*** Block opens ***

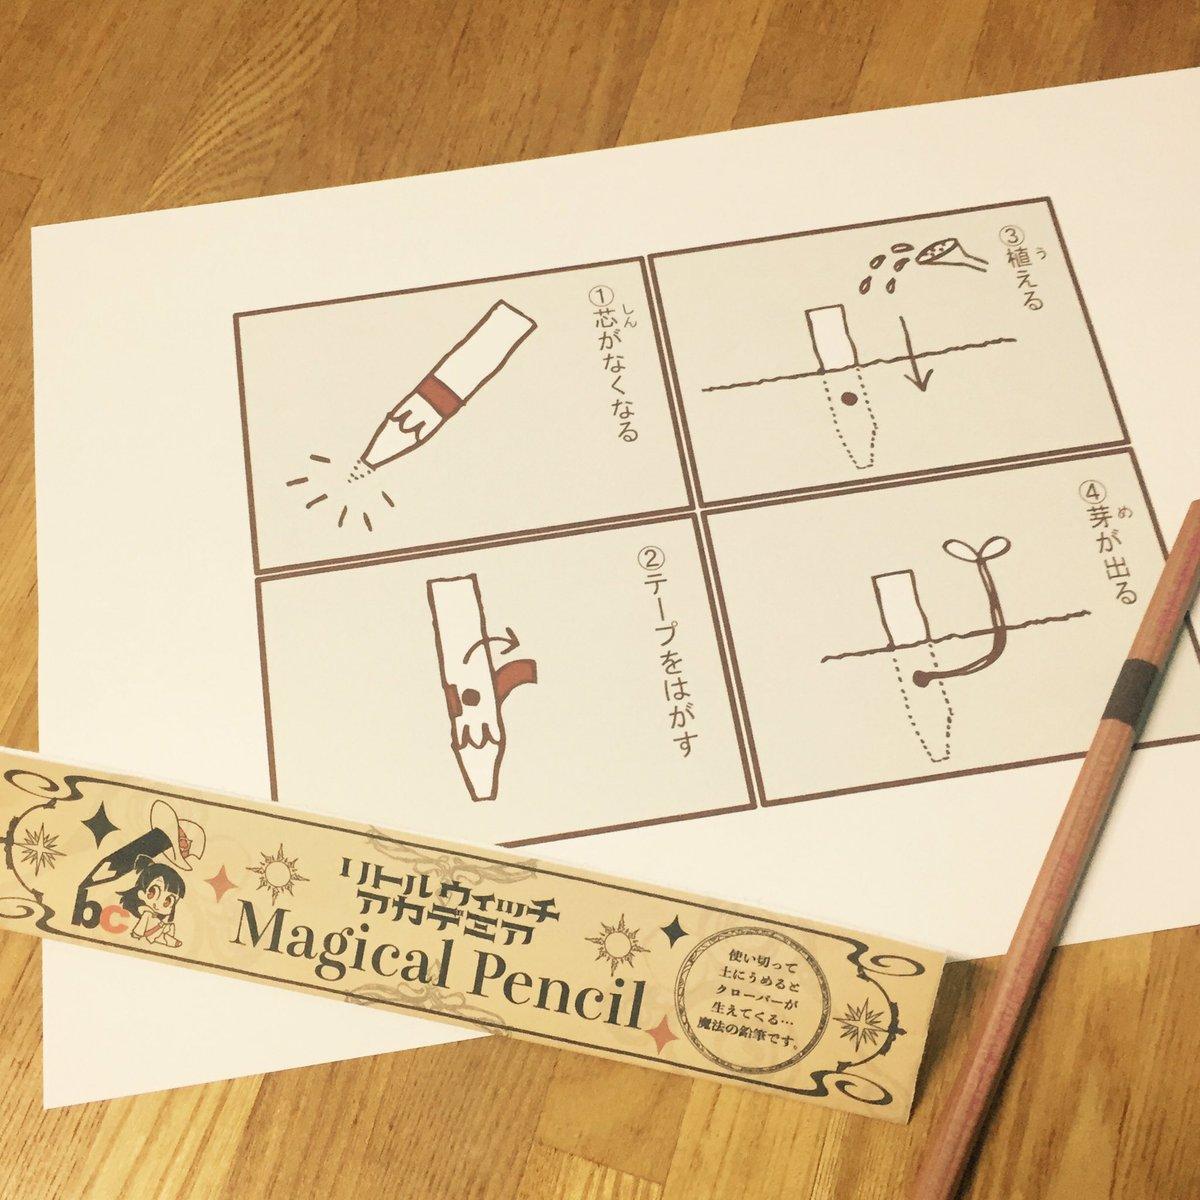 文房具カフェで大人気「花咲く色鉛筆」のLWAコラボ限定バージョンが登場!アッコが色鉛筆に魔法をかけてくれました。あなたの
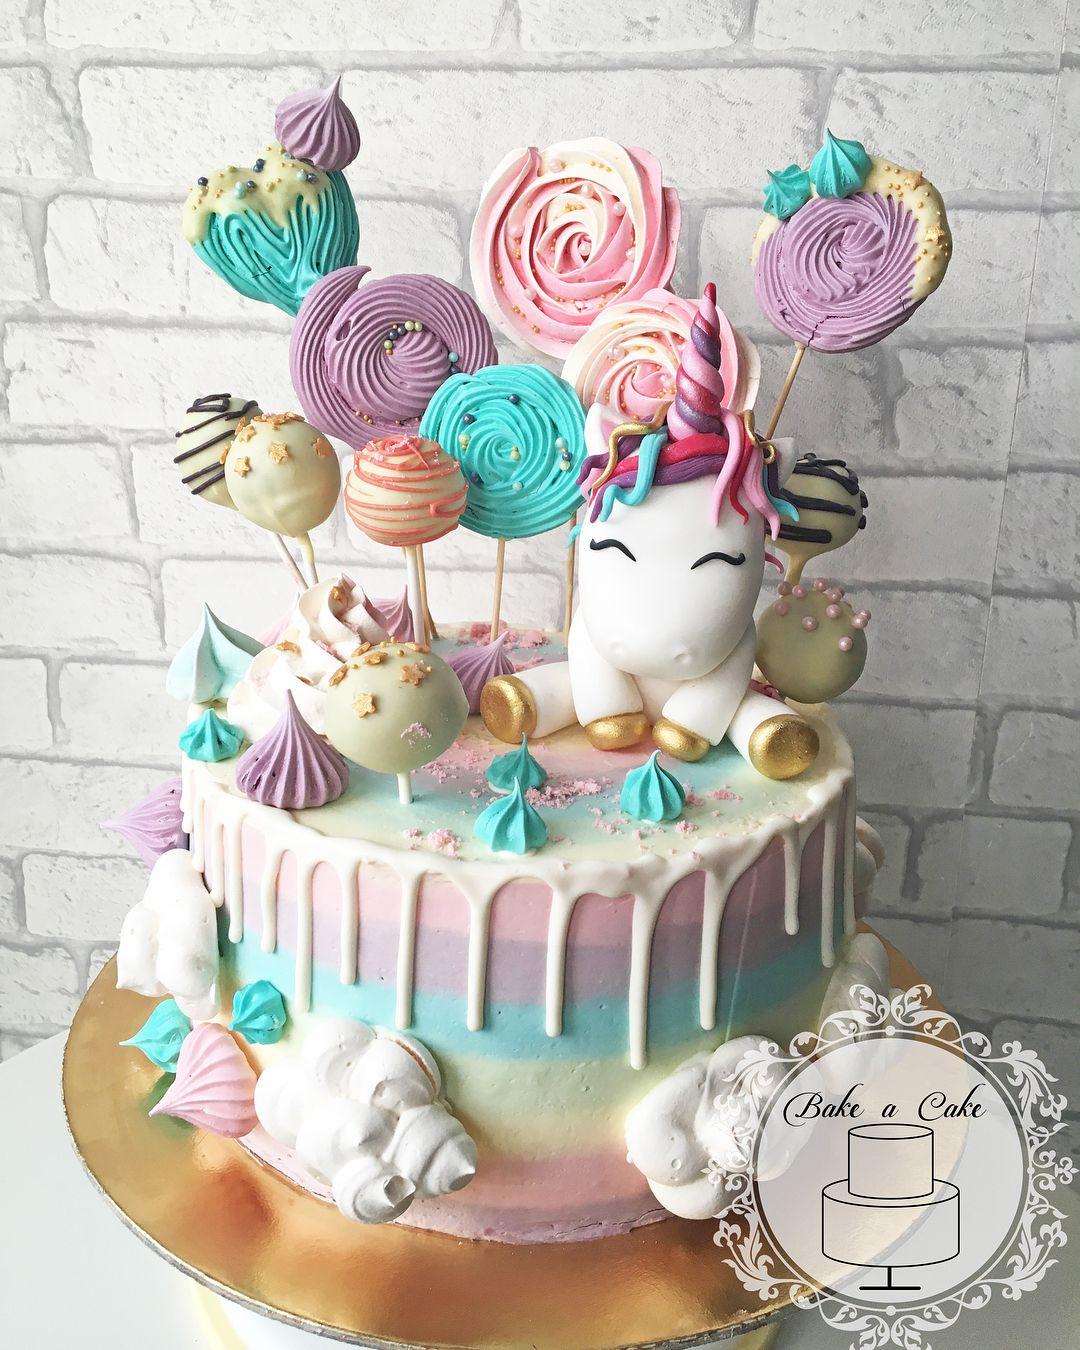 16 Best Instagram Unicorn Cakes And Party Decor Ideas Unicorn Cake Design Unicorn Birthday Cake Cake
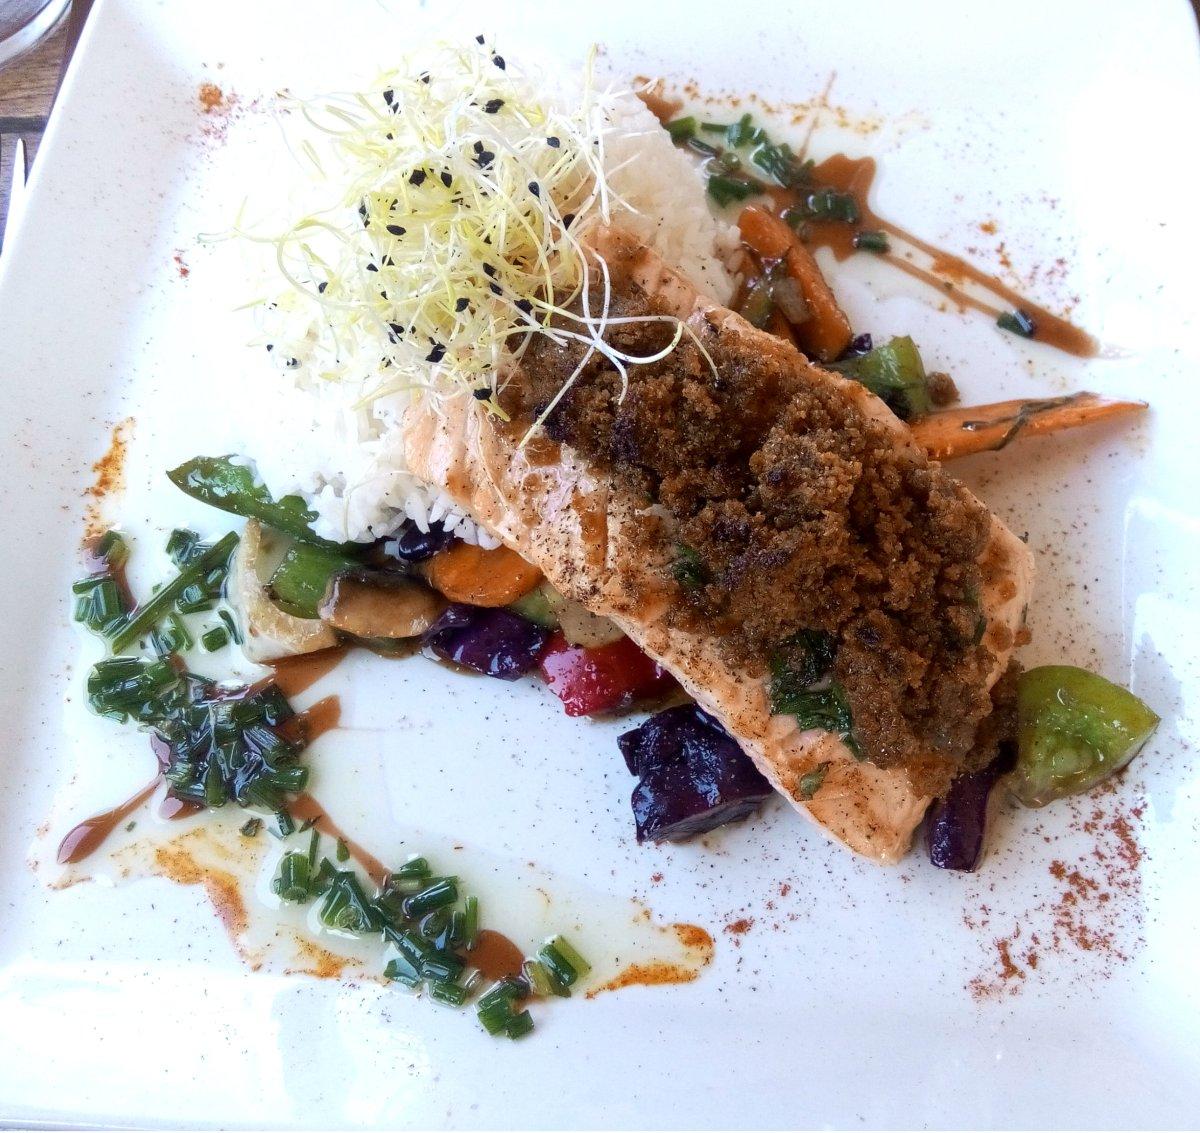 saumon-croute-tomates-les-mets-dalice-seignosse
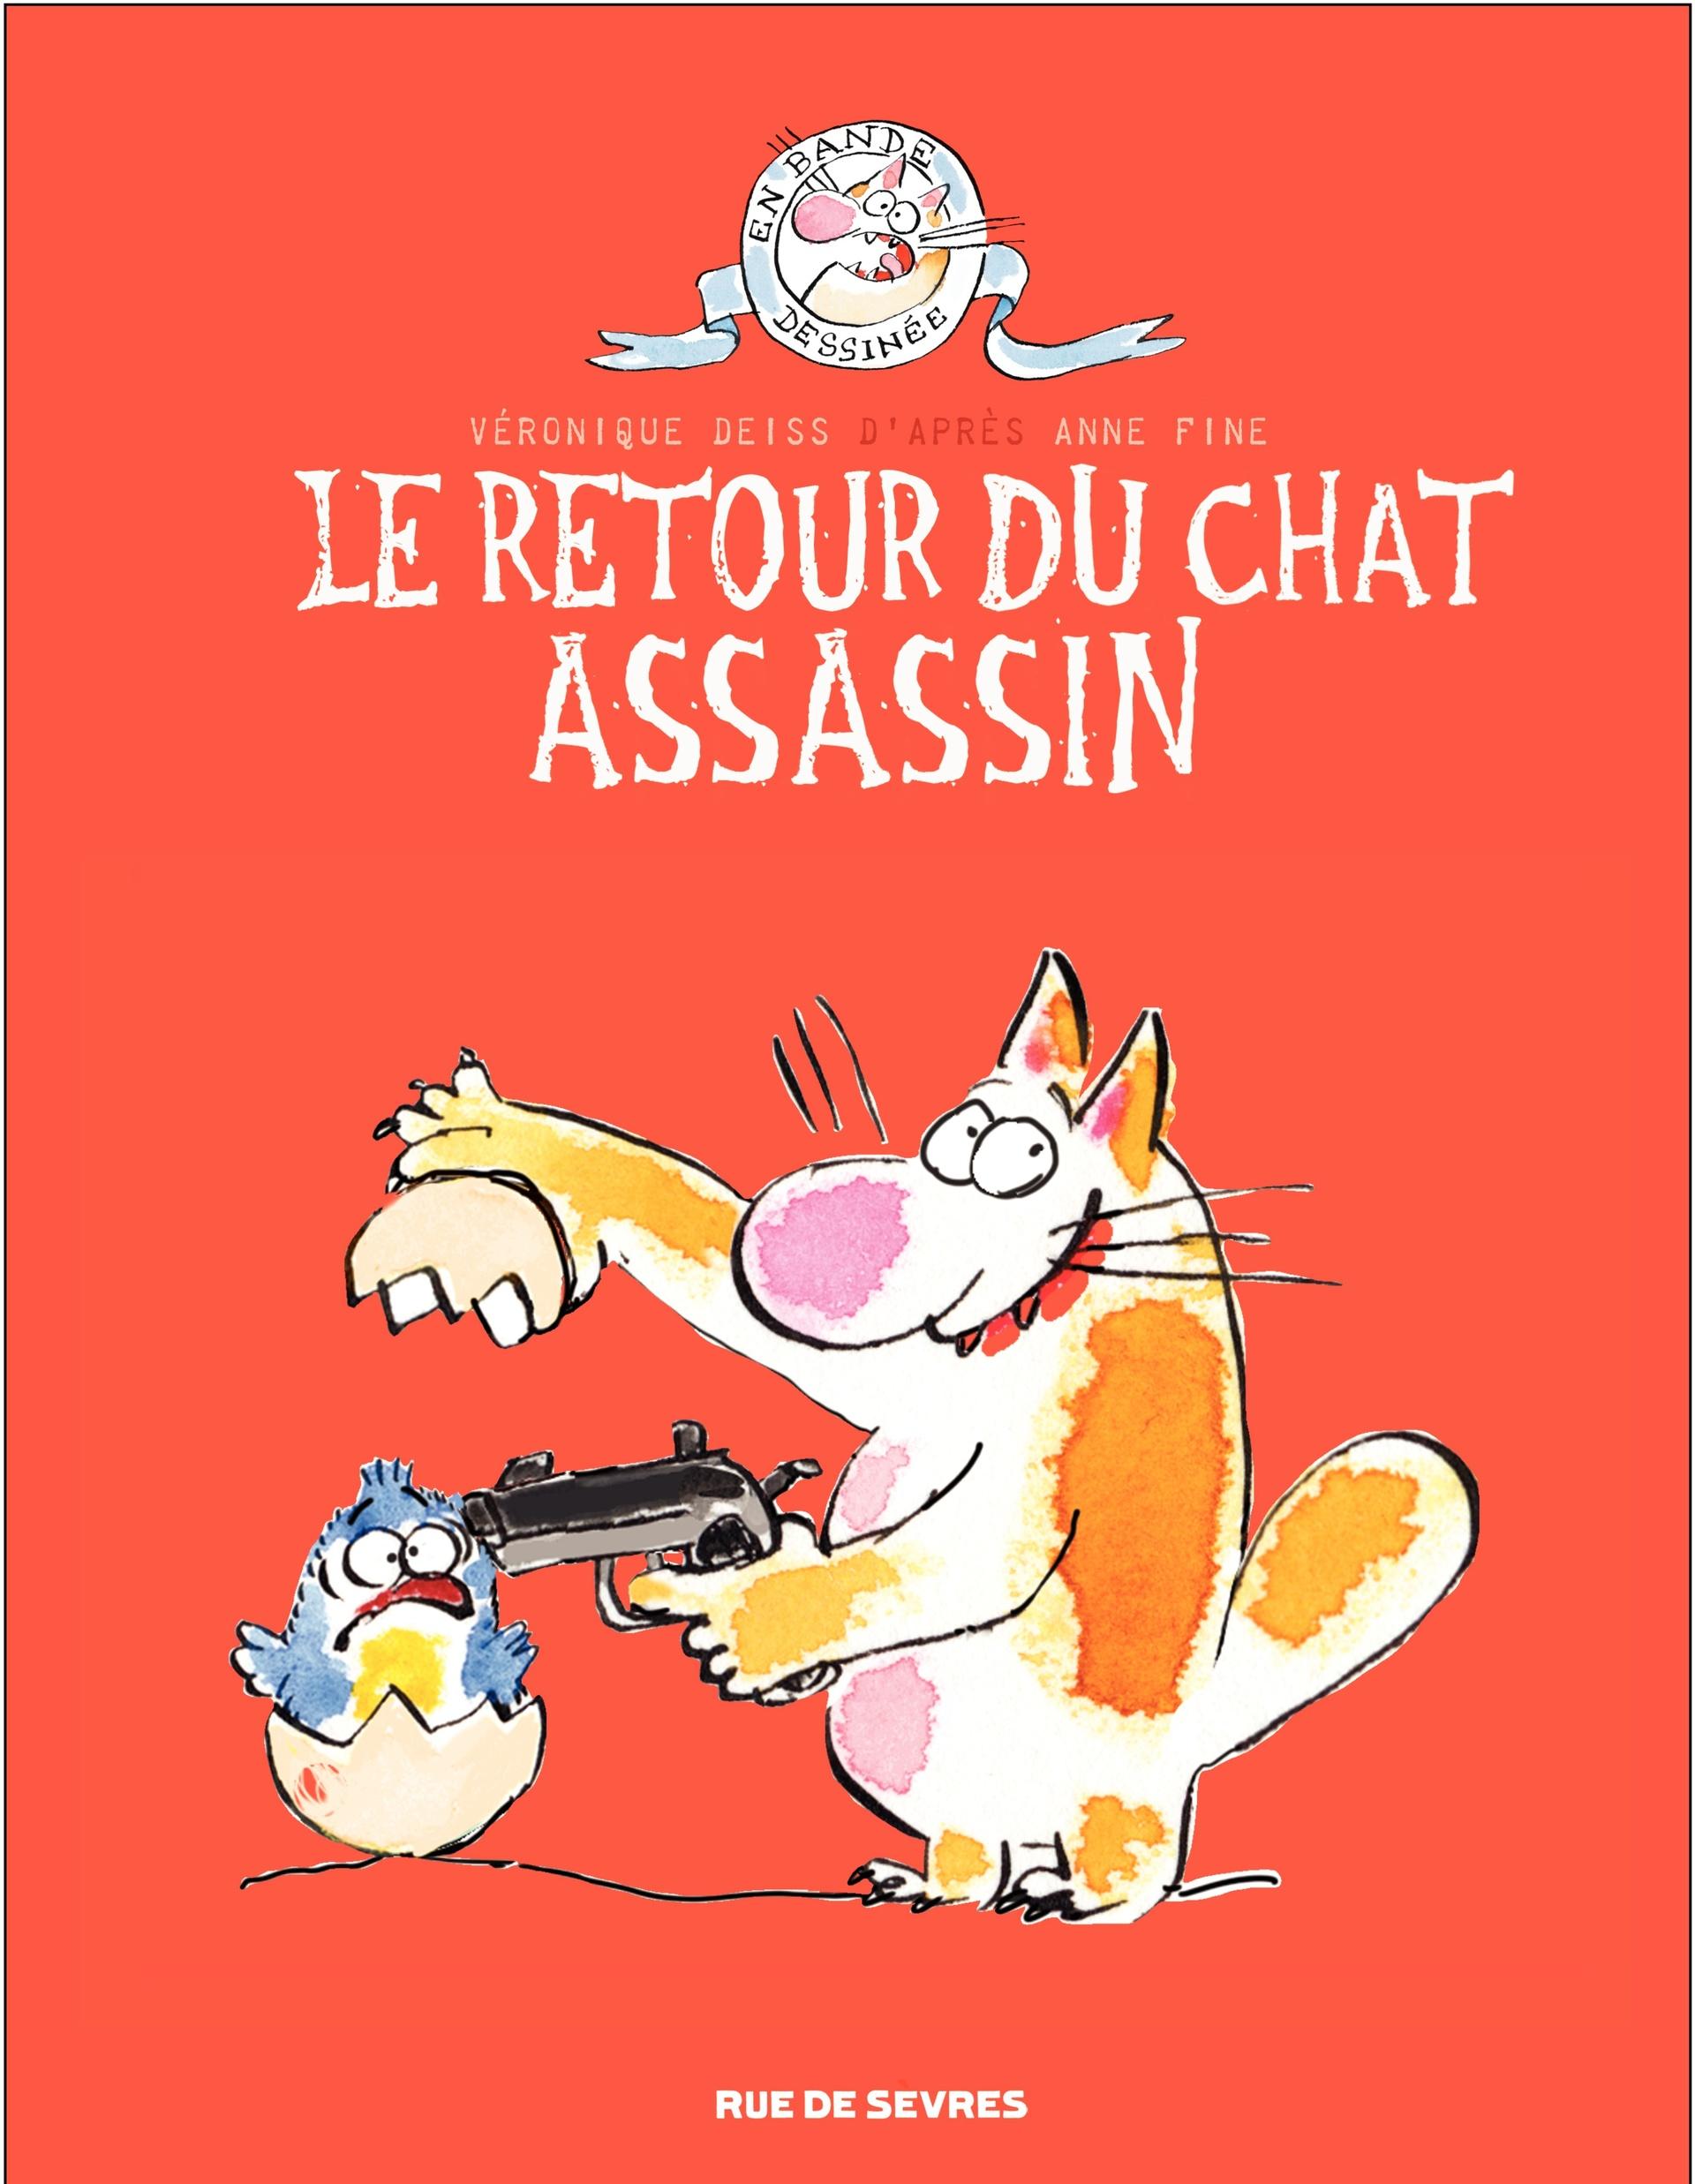 Le chat assassin 2 - Le retour du chat assassin
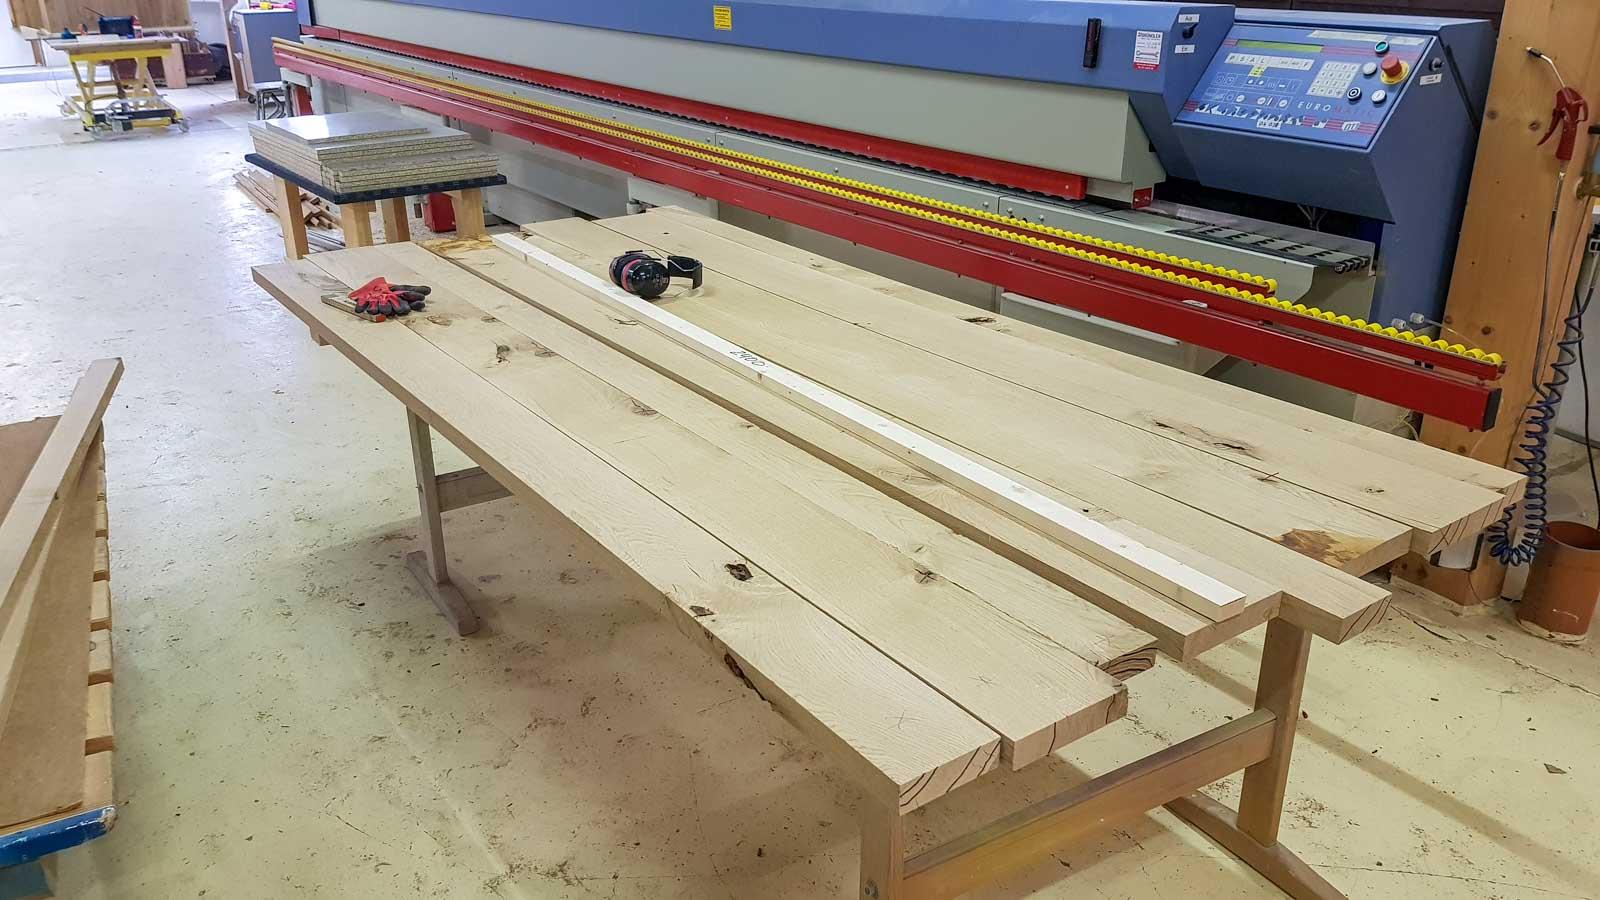 Wooddesign_Tisch_ Herstellung_Schwarzstahl_Tischgestell_Schreinerei Möbelwerkstatt (4)

*** Block closes ***

*EXERCISE AIM*
Copy out the lines above in full and unaltered, apart from the pictures.

*RESULT*
 文房具カフェで大人気「花咲く色鉛筆」のLWAコラボ限定バージョンが登場!アッコが色鉛筆に魔法をかけてくれました。あなたの
 16 Best Instagram Unicorn Cakes And Party Decor Ideas Unicorn Cake Design Unicorn Birthday Cake Cake
 saumon-croute-tomates-les-mets-dalice-seignosse
 Le chat assassin 2 - Le retour du chat assassin
 Wooddesign_Tisch_ Herstellung_Schwarzstahl_Tischgestell_Schreinerei Möbelwerkstatt (4)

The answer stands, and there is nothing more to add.